Beberapa hari sama sekali tidak terasa bagi (Name). Semua terlalu cepat, saat bersama Jitsui. Itulah yang (Name) pikirkan, selama dia berlibur di Jepang—ditemani Jitsui. Entah kenapa, (Name) tidak mau liburannya berakhir.

Tapi disinilah dia, sudah berada di depan pintu masuk check in bandara.—bersiap untuk pulang.

"Terima kasih sudah menemaniku, Jitsui," ucap (Name).

"Sama-sama, (Name)-san.
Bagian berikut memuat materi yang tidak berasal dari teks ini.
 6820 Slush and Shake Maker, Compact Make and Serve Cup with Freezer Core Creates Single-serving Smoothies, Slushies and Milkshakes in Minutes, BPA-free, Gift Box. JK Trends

Kuharap kau akan berkunjung ke Jepang lagi."

(Name) tersenyum kecil, "mungkin aku akan ke sini saat ada fans sign."

"Kalau begitu aku pasti membeli tiket acaramu."

(Name) mengerjapkan matanya beberapa kali.

"Eh—"

"Waktu pengecekan pesawat XX dengan tujuan Skotlandia akan ditutup. Sekali lagi, waktu pengecekan pesawat XX dengan tujuan Skotlandia akan ditutup."
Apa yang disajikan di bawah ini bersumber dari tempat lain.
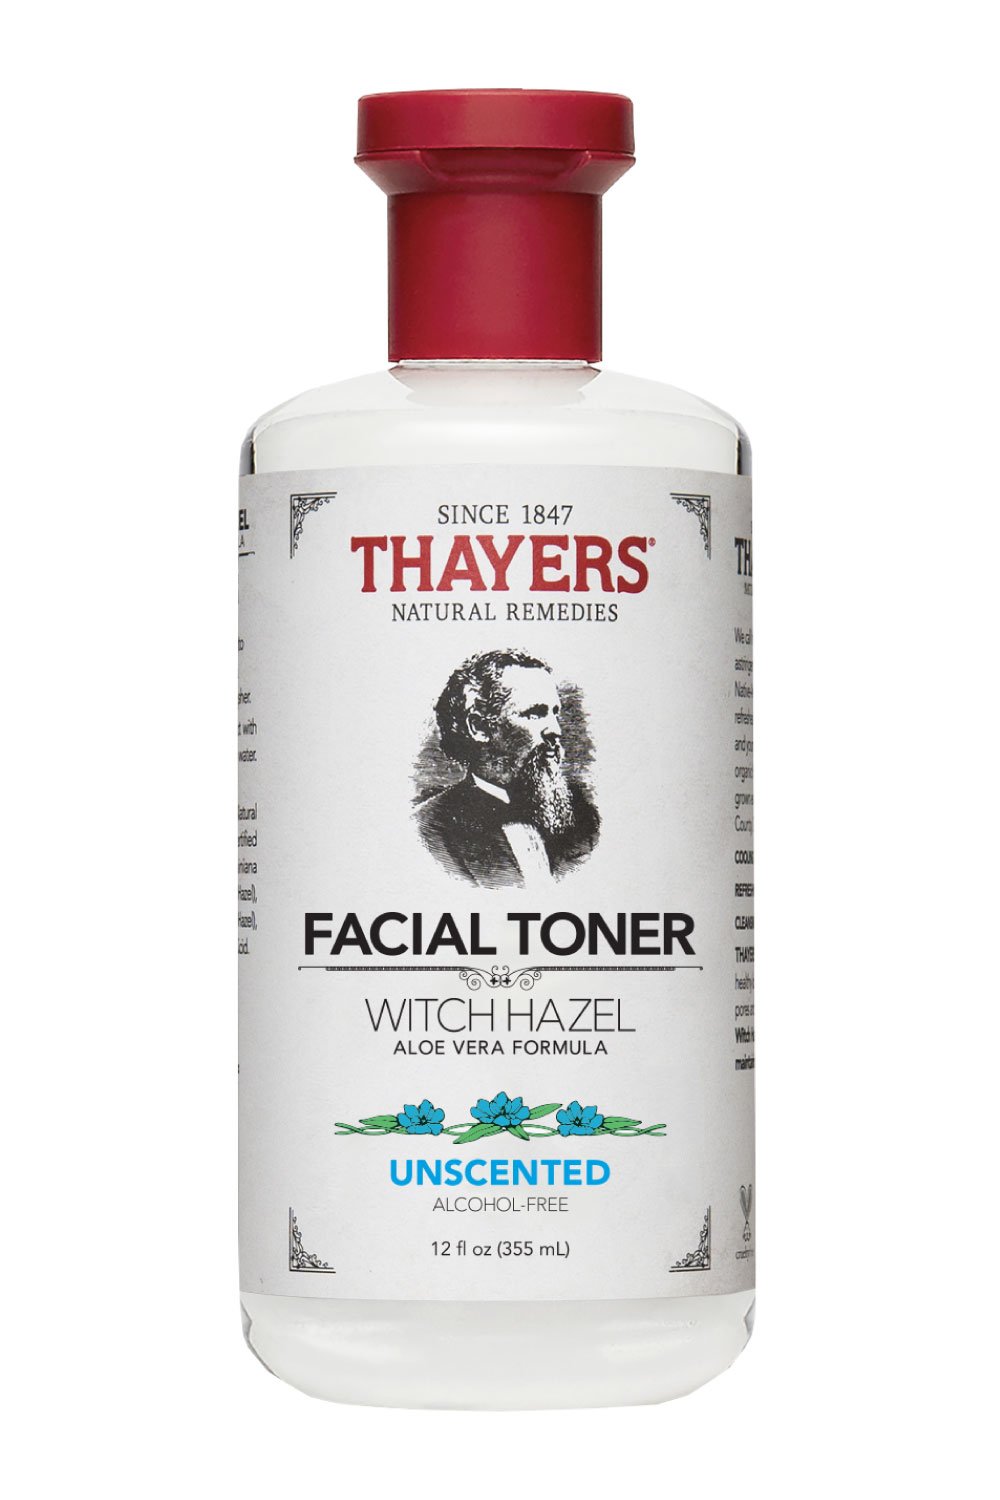 THAYERS FACIAL TONER UNSCENTED 355mL

"Aah, aku harus bergegas!" pekik (Name) hendak memutar tubuhnya.

Tapi terhenti saat Jitsui memegang salah satu pundaknya, lalu mendekatkan wajahnya pada wajah (Name), mempertemukan kedua bibir mereka.
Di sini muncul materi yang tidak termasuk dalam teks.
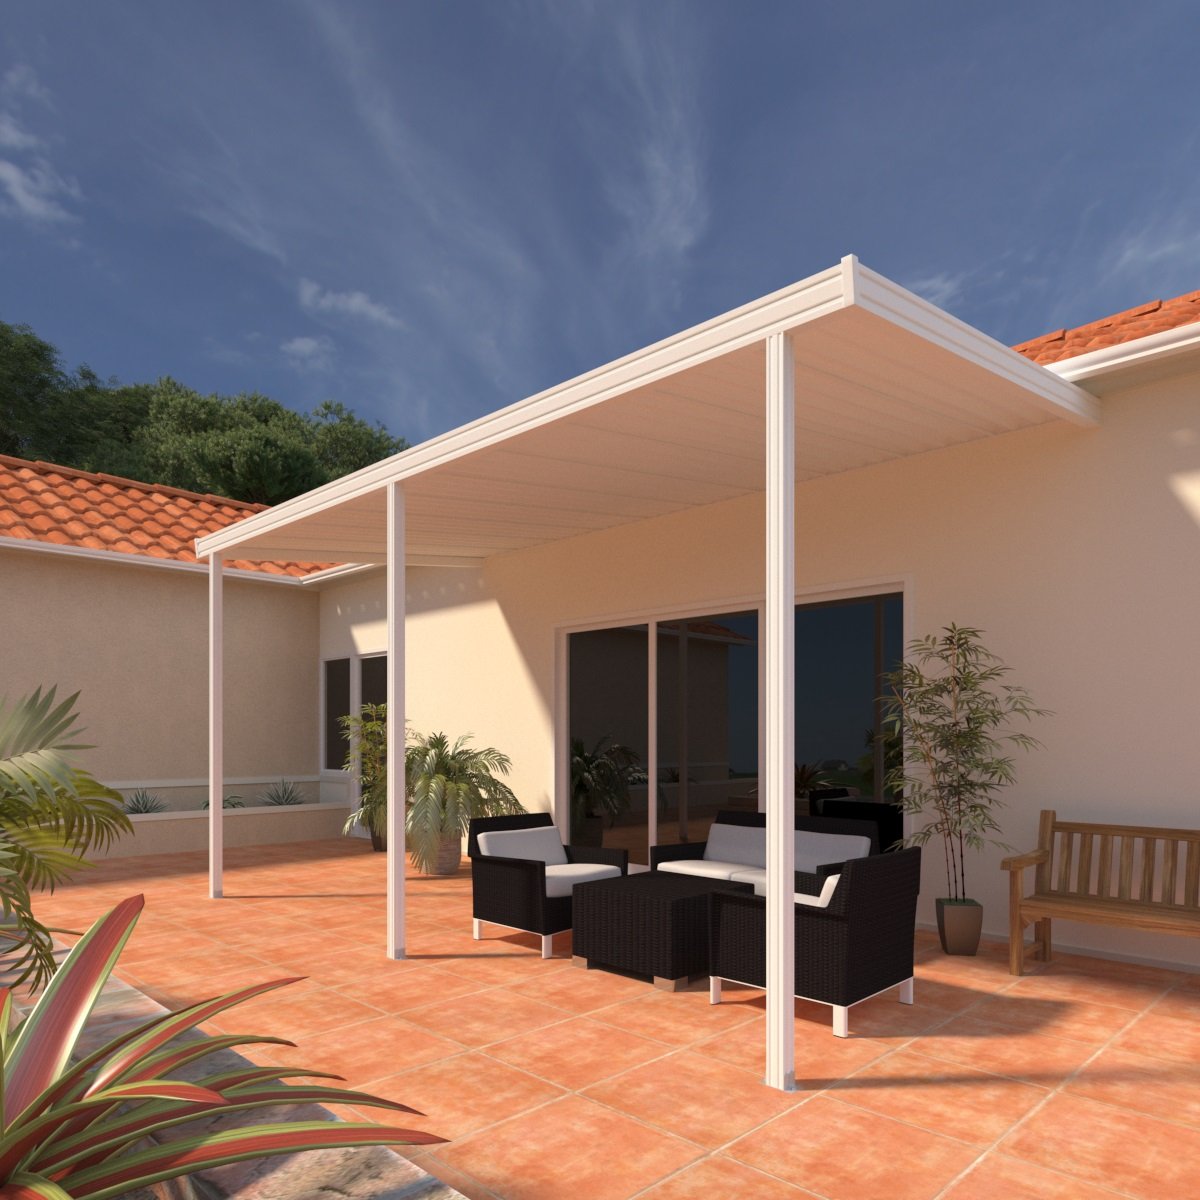 08 ft. Deep x 18 ft. Wide White Attached Aluminum Patio Cover -3 Posts - (10lb Low Snow Area)

—Yang tentu terhalangi oleh sepucuk surat.

Iris (e/c) melebar, dengan jantung yang berdetak dua kali lebih cepat dari biasanya. (Name) tak menduga Jitsui akan melakukan hal ini, menciumnya tapi disaat yang sama menyelipkan surat diantara bibir mereka, menghindari bertemunya bibir mereka. Pikiran laki-laki ini memang tidak bisa dia tebak.

"Ini surat dariku, fans beratmu."

(Name) ingin saja menanyakan semua tindakan Jitsui, tapi ingatan rasionalnya kembali muncul saat mengingat waktu check in tersisa sedikit. Melihat depan surat yang diberikan, tertulis sebuah kalimat dengan rapi.

"Tolong dibaca ya, (Pseudonym)-san~"

.

.

.

Omake:

Menghela napas panjang saat tubuh duduk di kursi empuk pesawat, (Name) kemudian membuka surat Jitsui.

From: Morishima J.

To: (Pseudonym) aka (Name) (Surname).

Hope you enjoy my tour, and see you, mon amour~

Wajah (Name) memerah, dan dengan cepat memasukkan kembali surat tersebut ke dalam tasnya—menyadari handphone-nya masih menyala. Saat (Name) hendak mematikan handphone-nya, namun pesan dari grup NaniApp membuat (Name) berhenti.

Seketika (Name) berharap pesawatnya mengalami delay untuk sekedar memberikan pelukan hangat untuk fans setianya itu.